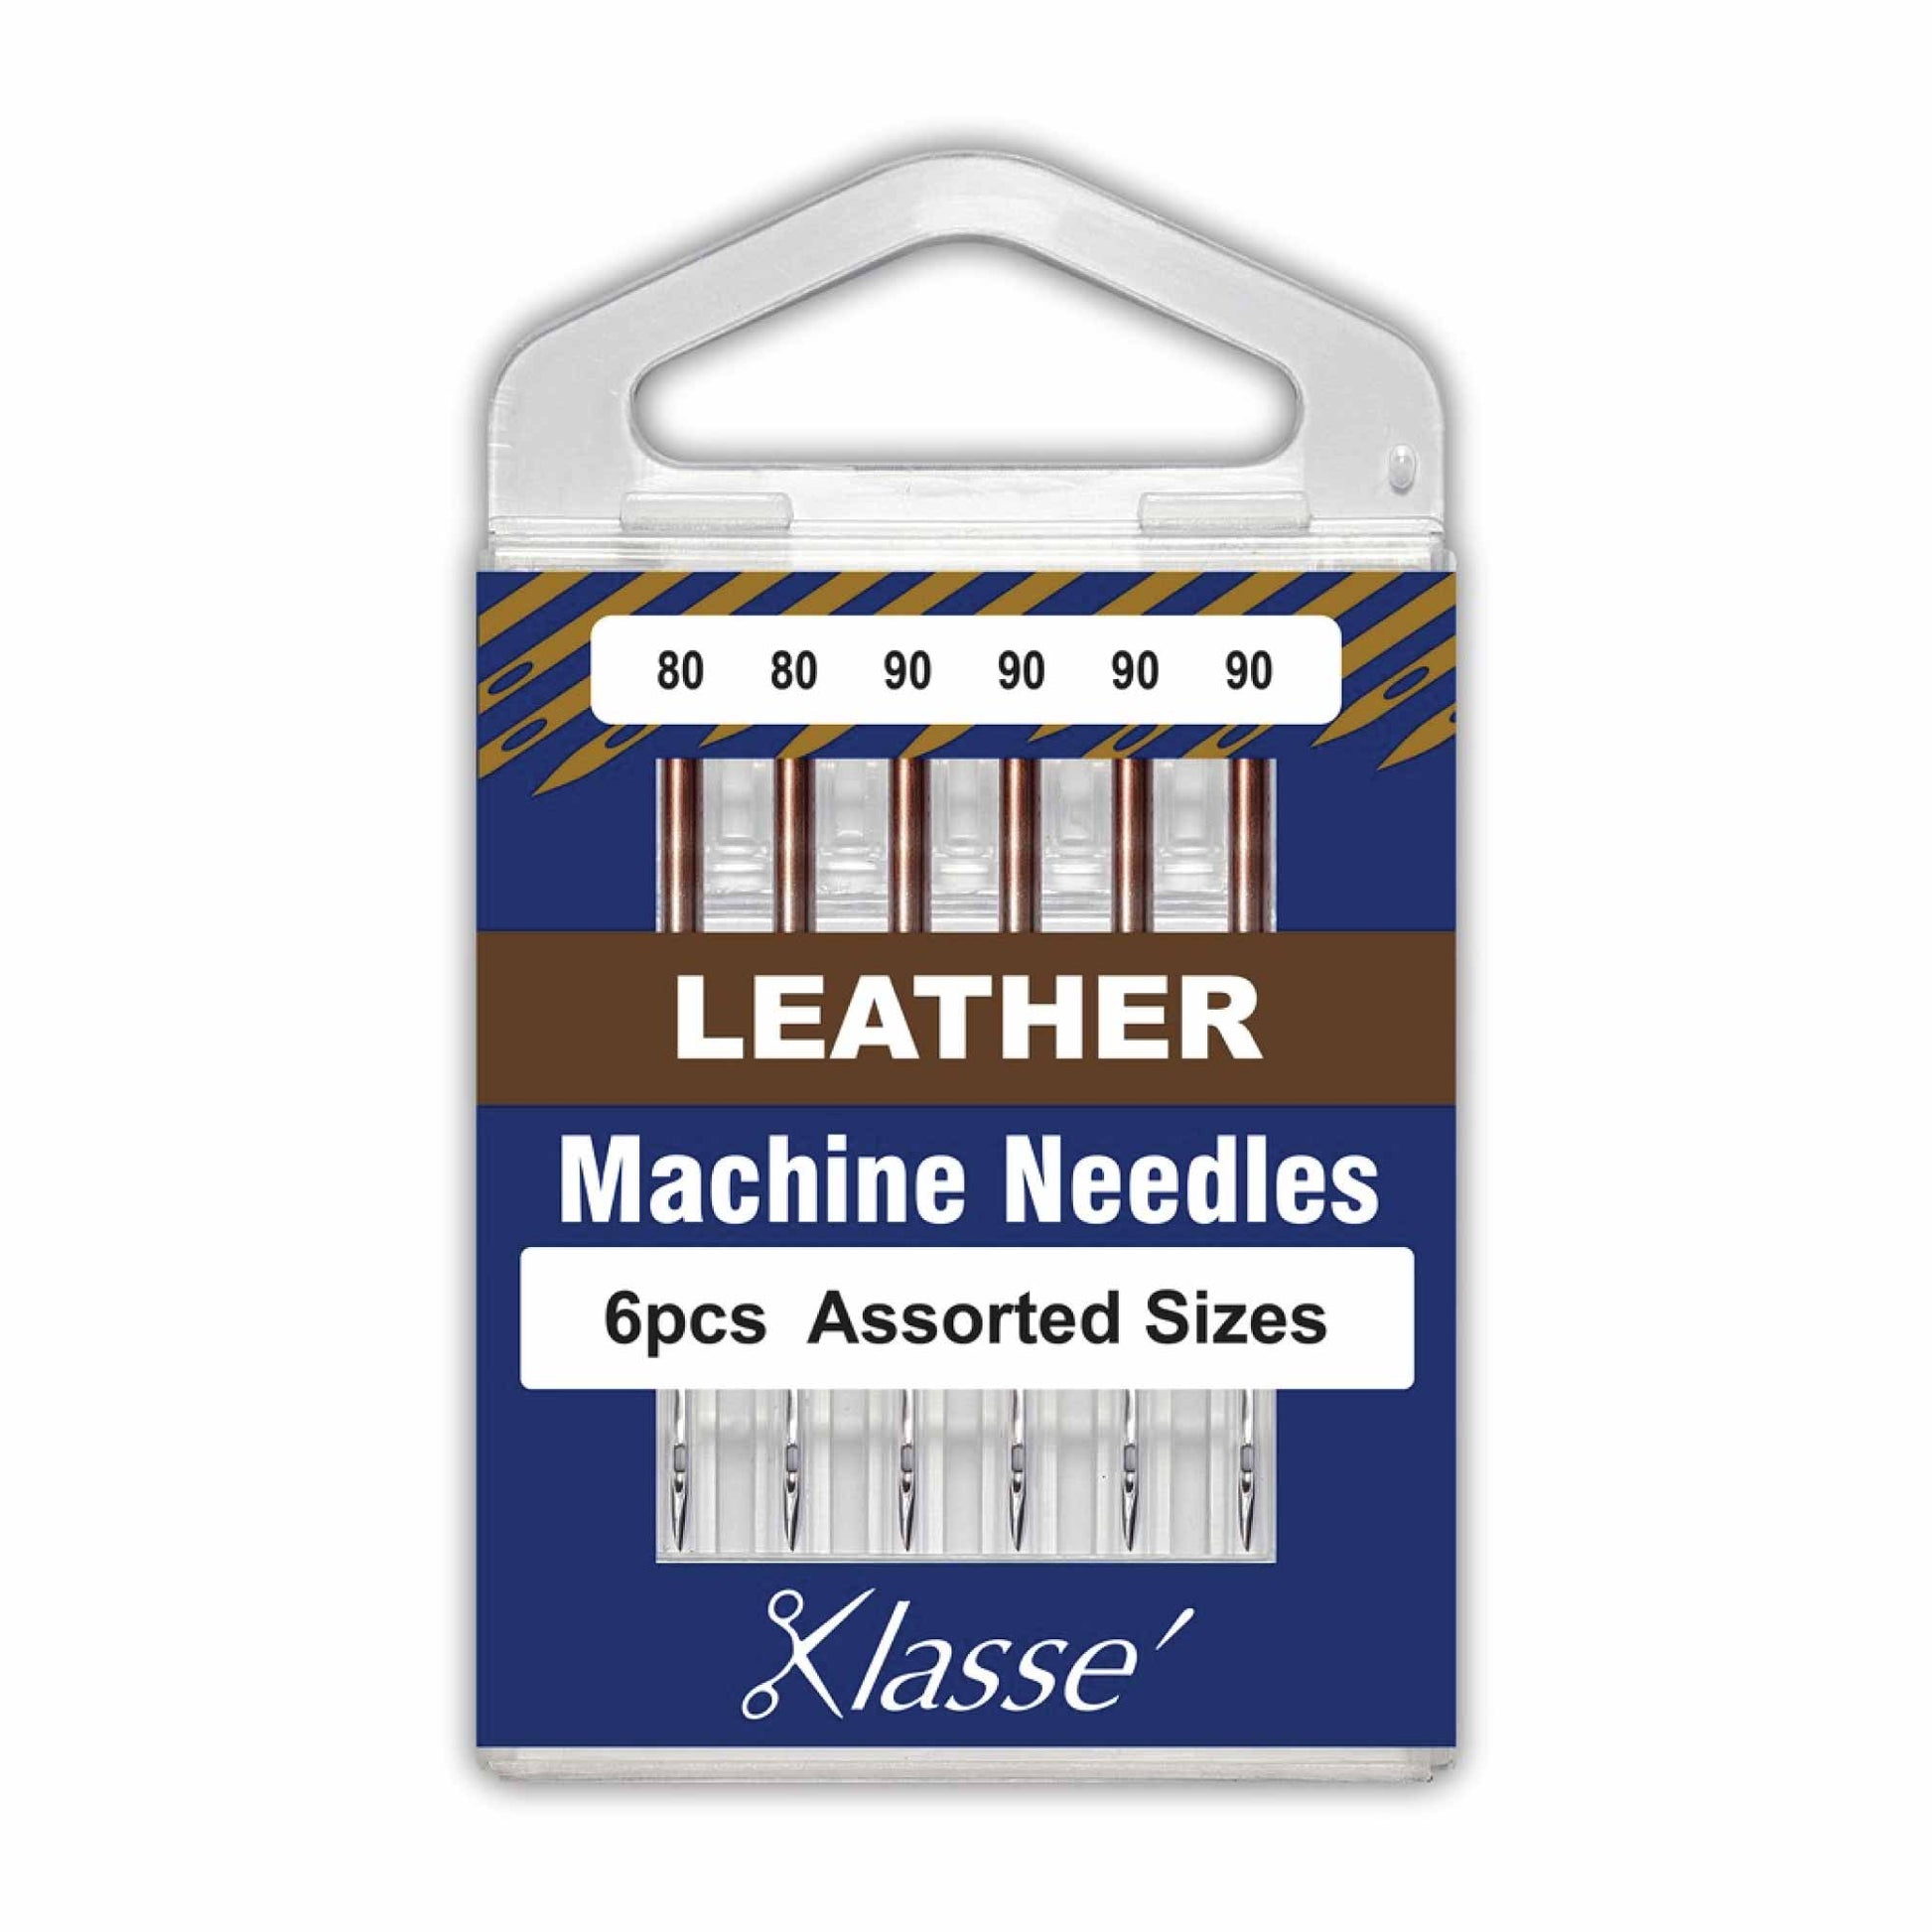 Klasse 80/90 Leather Sewing Machine Needles Assorted Sizes 6 Pack Chisel Point
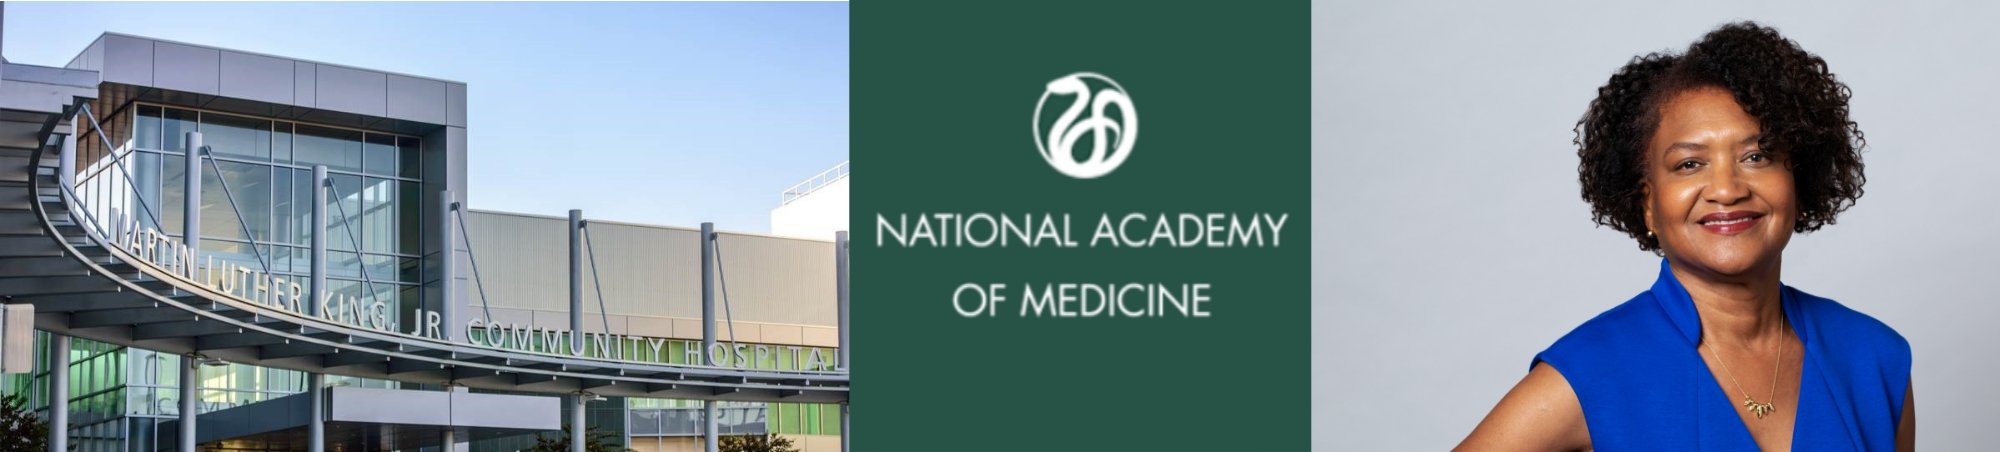 MLKCH CEO elected to National Academy of Medicine
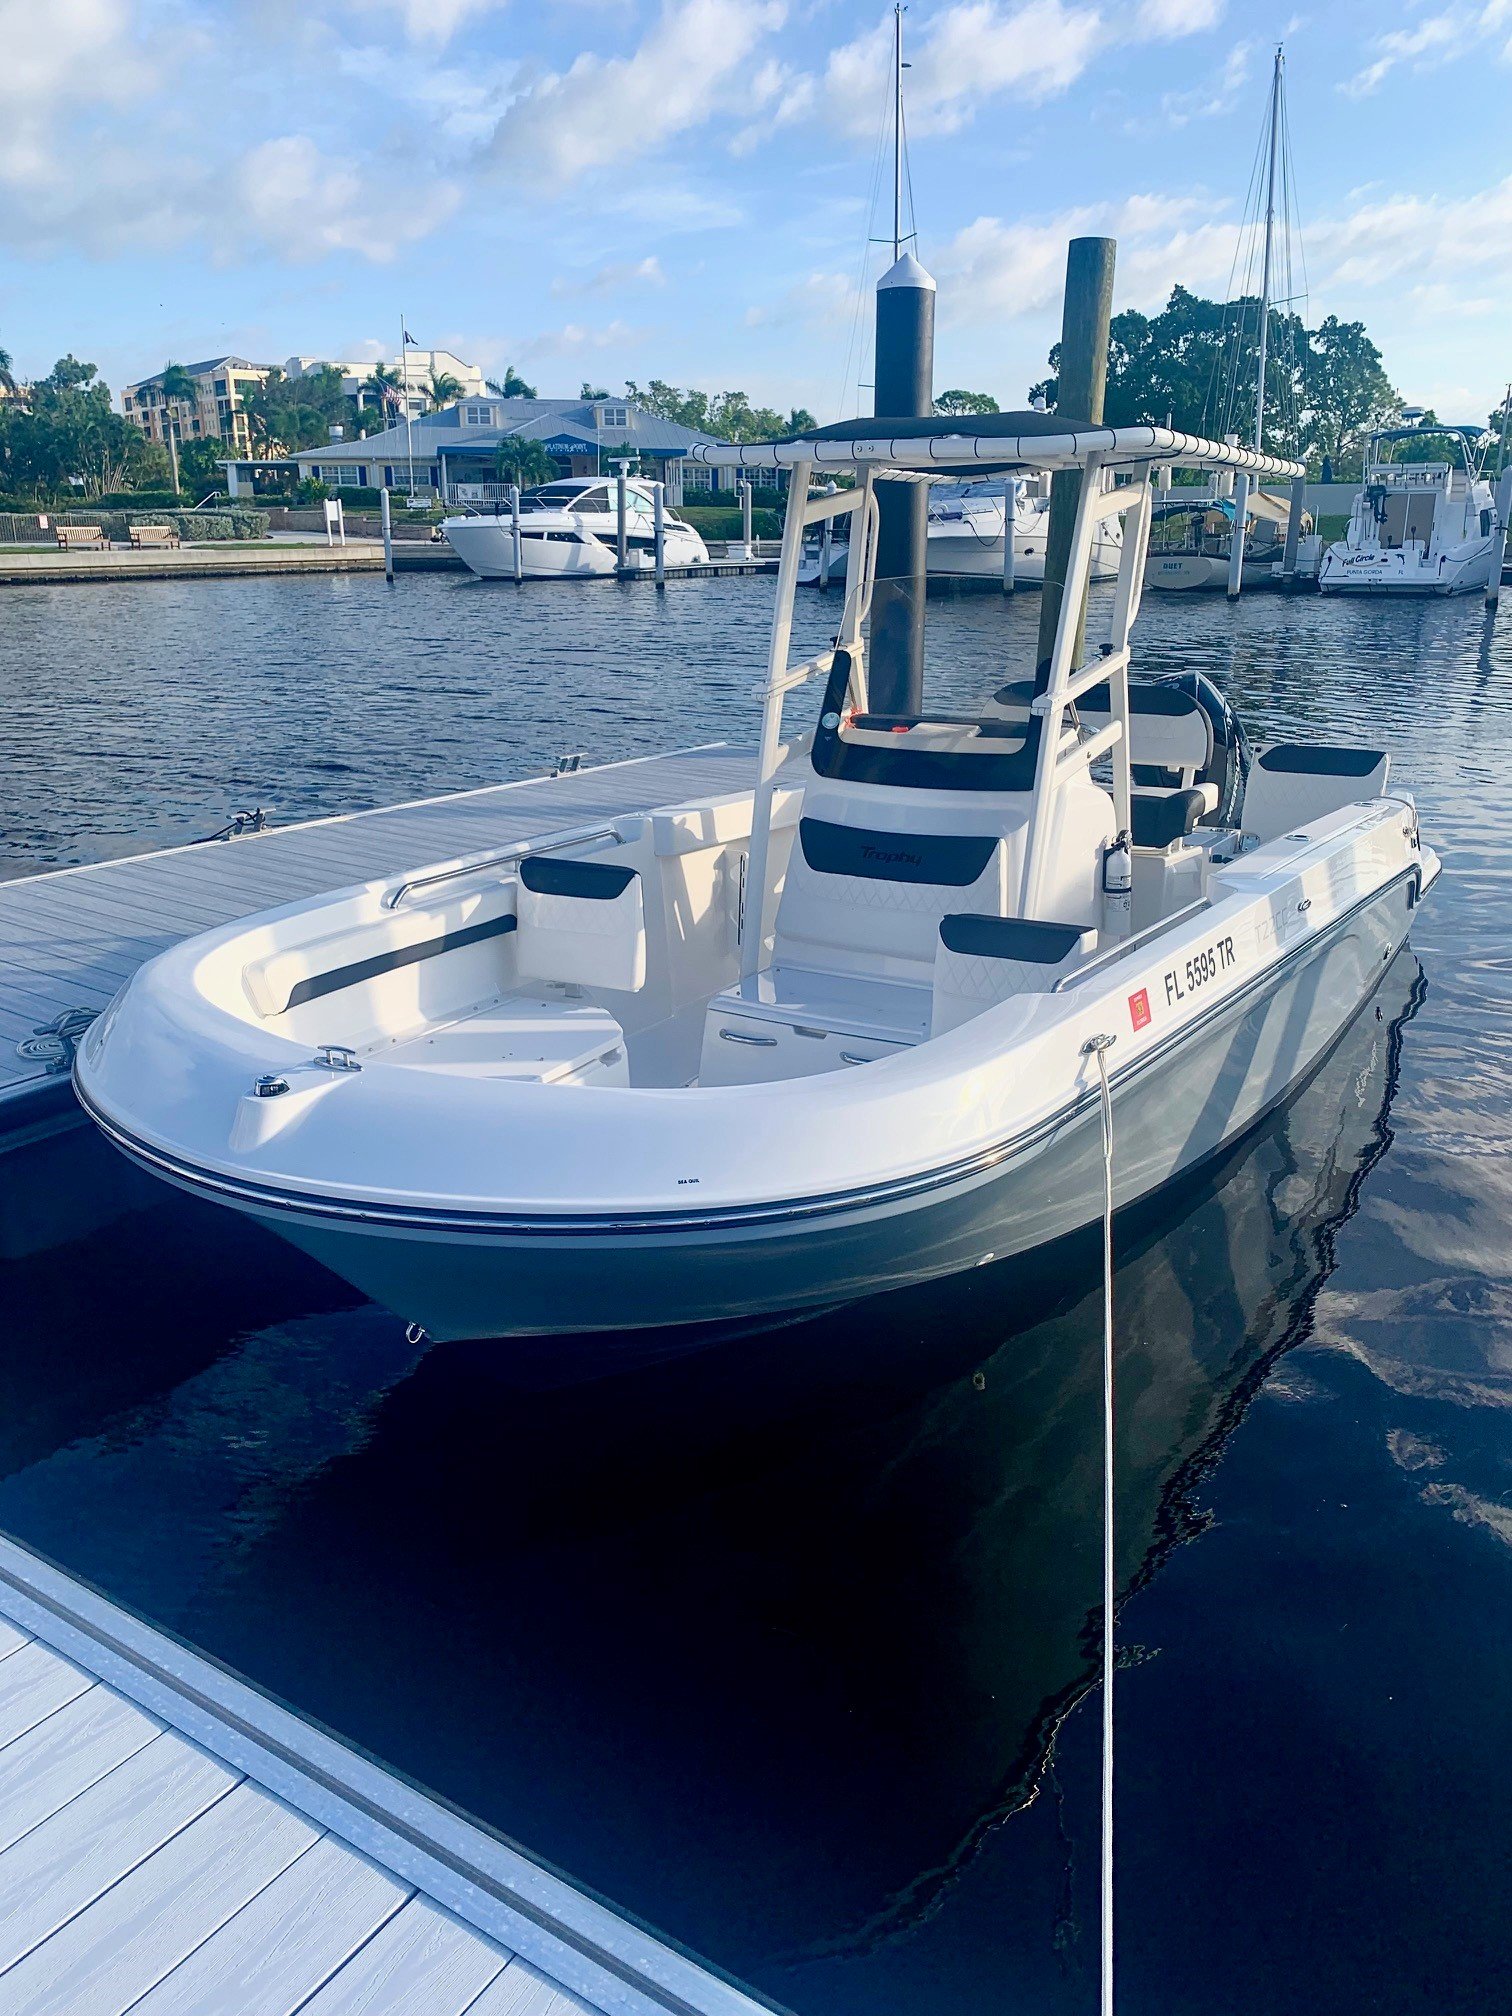 SEA QUILL (22FT Bayliner Trophy Center Console - 150 HP~Fishing)

***

The expected output is an exact copy of the lines from the one holding "MLKCH CEO elected" through the last line of the listing above, with the pictures omitted.

> **SOLUTION**
 MLKCH CEO elected to National Academy of Medicine
 SEA QUILL (22FT Bayliner Trophy Center Console - 150 HP~Fishing)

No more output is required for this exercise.